● **EXERCISE OBJECTIVE**
Pictures aside, the data must be reproduced exactly.

● **RAW DATA**
=======
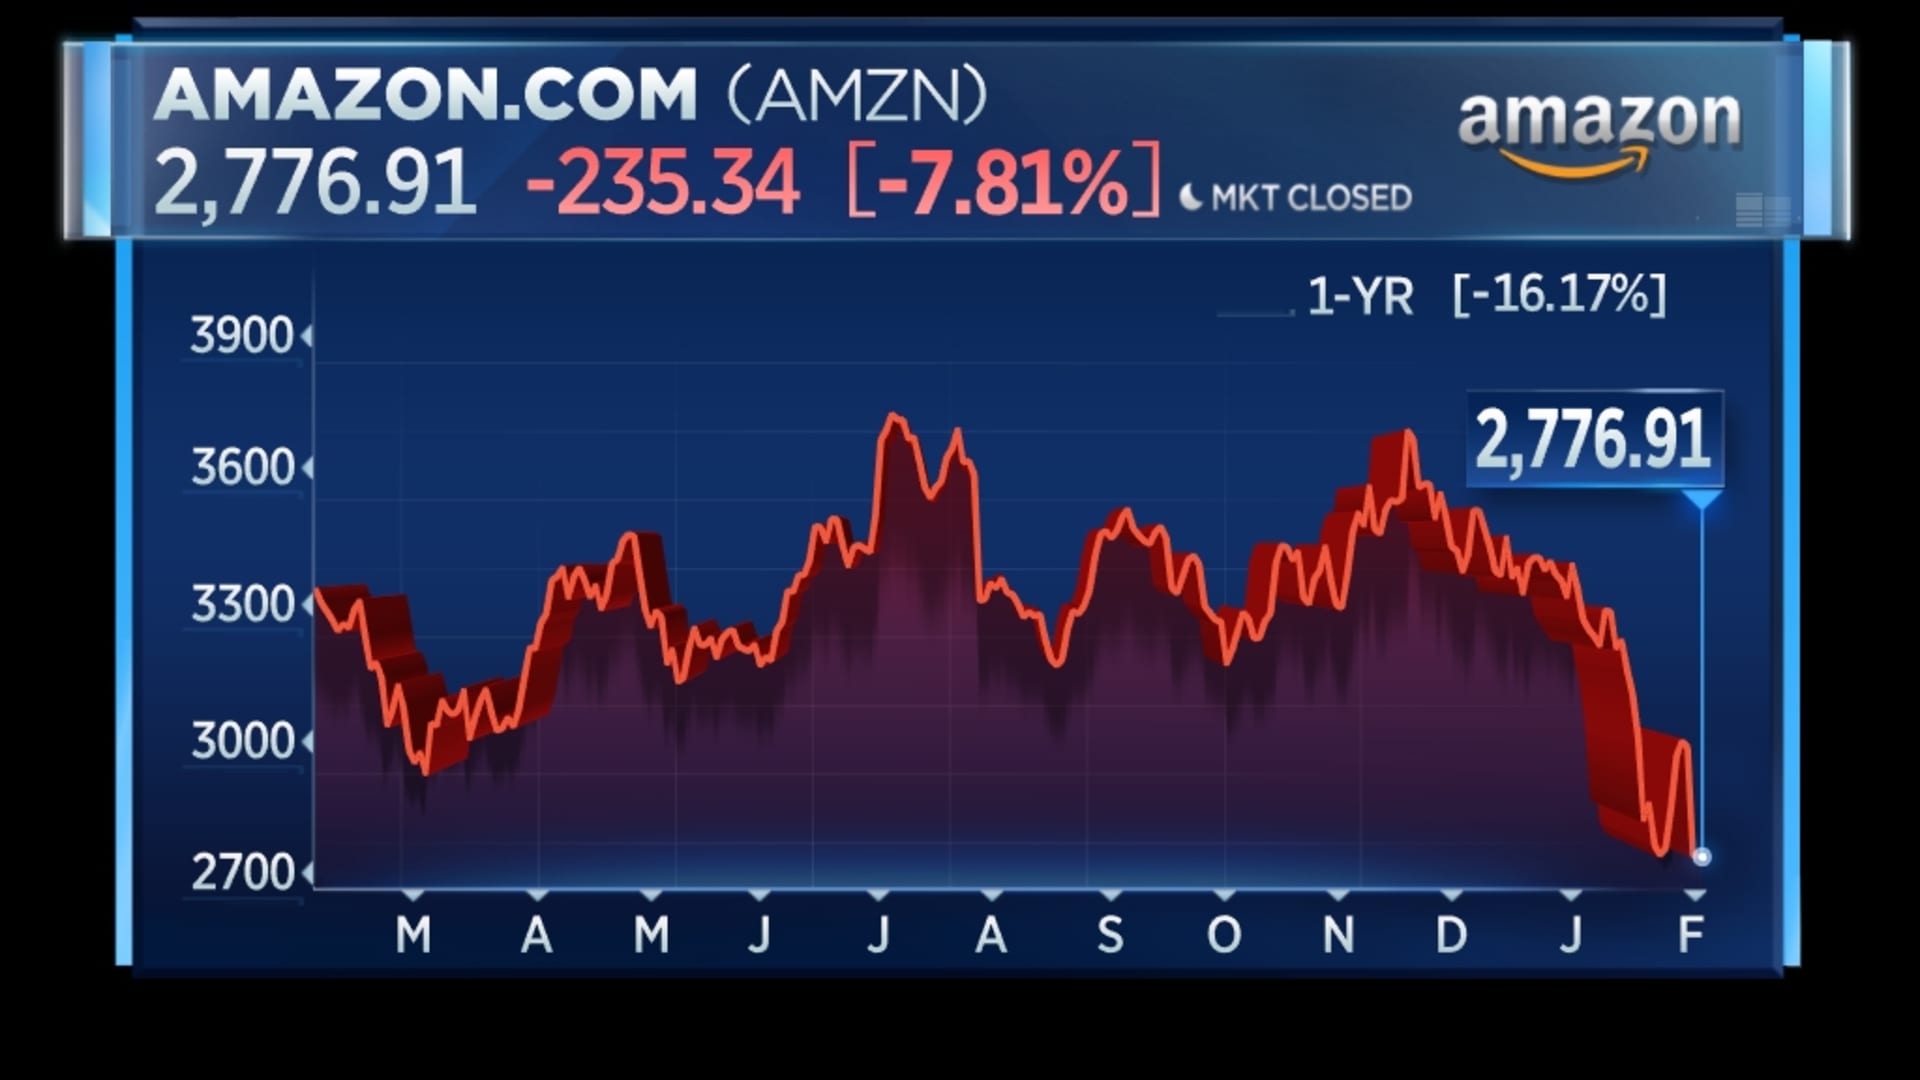 Amazon 12-month chart through Thursday's close
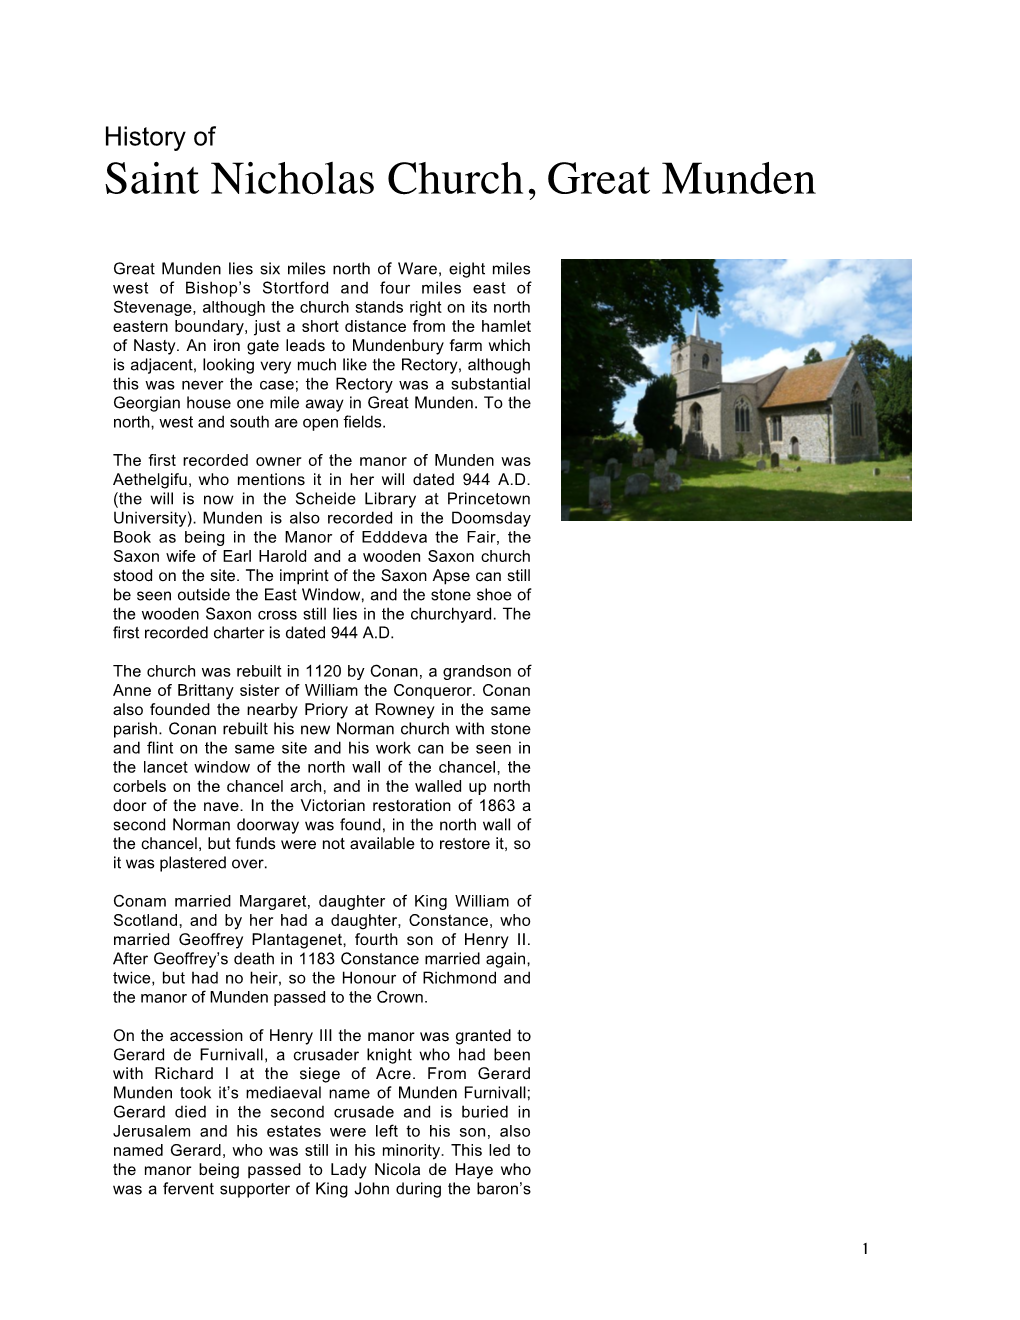 Saint Nicholas Church, Great Munden
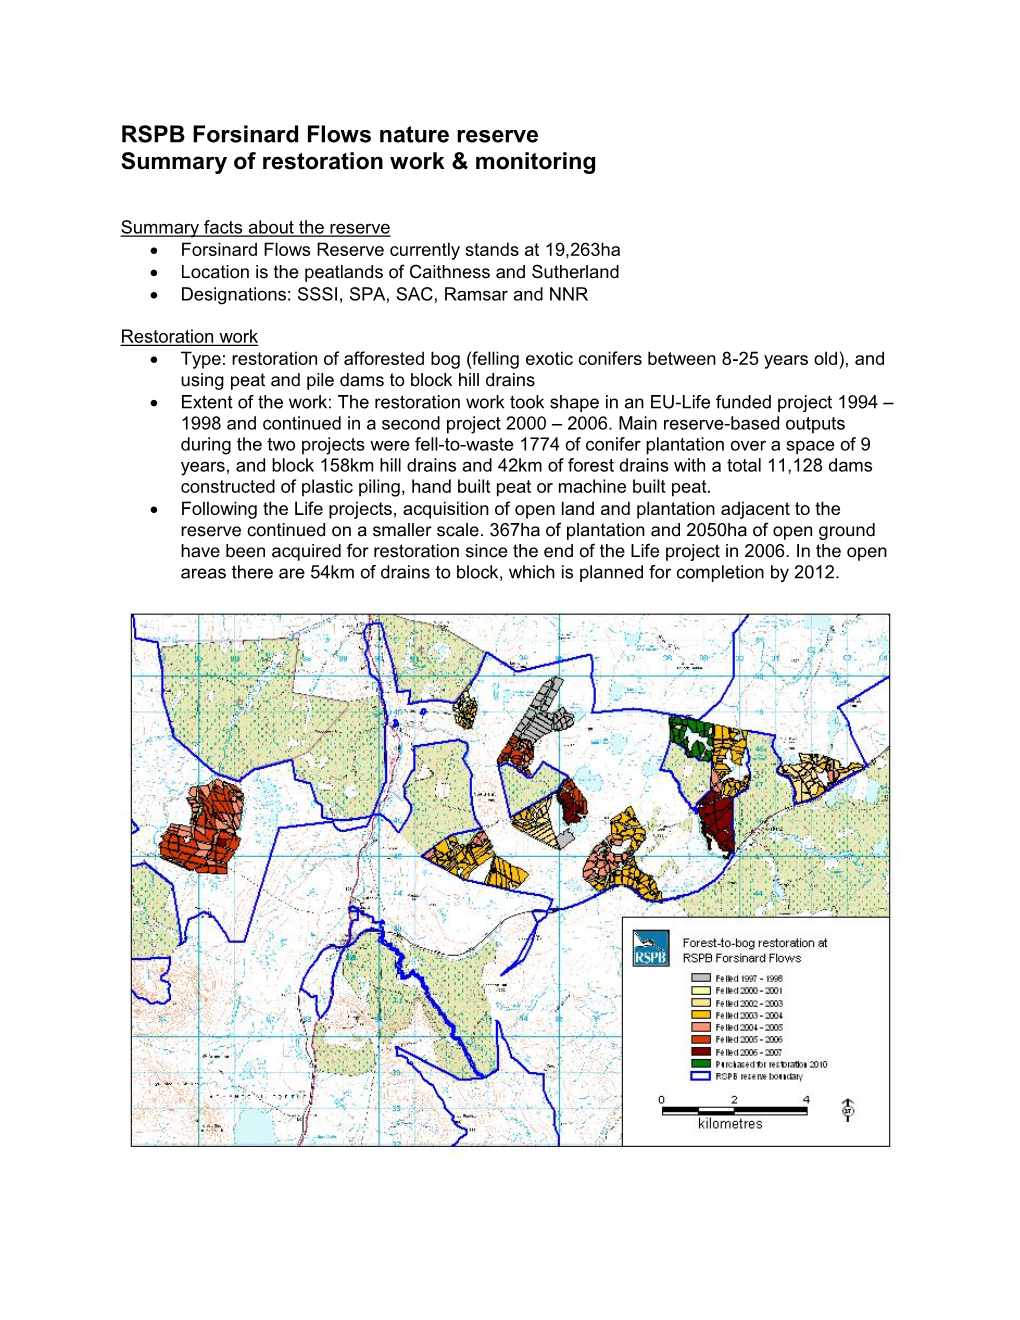 RSPB Forsinard Flows Nature Reserve Summary of Restoration Work & Monitoring
=======
● **EXERCISE RESULT**
 Amazon 12-month chart through Thursday's close
 Saint Nicholas Church, Great Munden
 RSPB Forsinard Flows Nature Reserve Summary of Restoration Work & Monitoring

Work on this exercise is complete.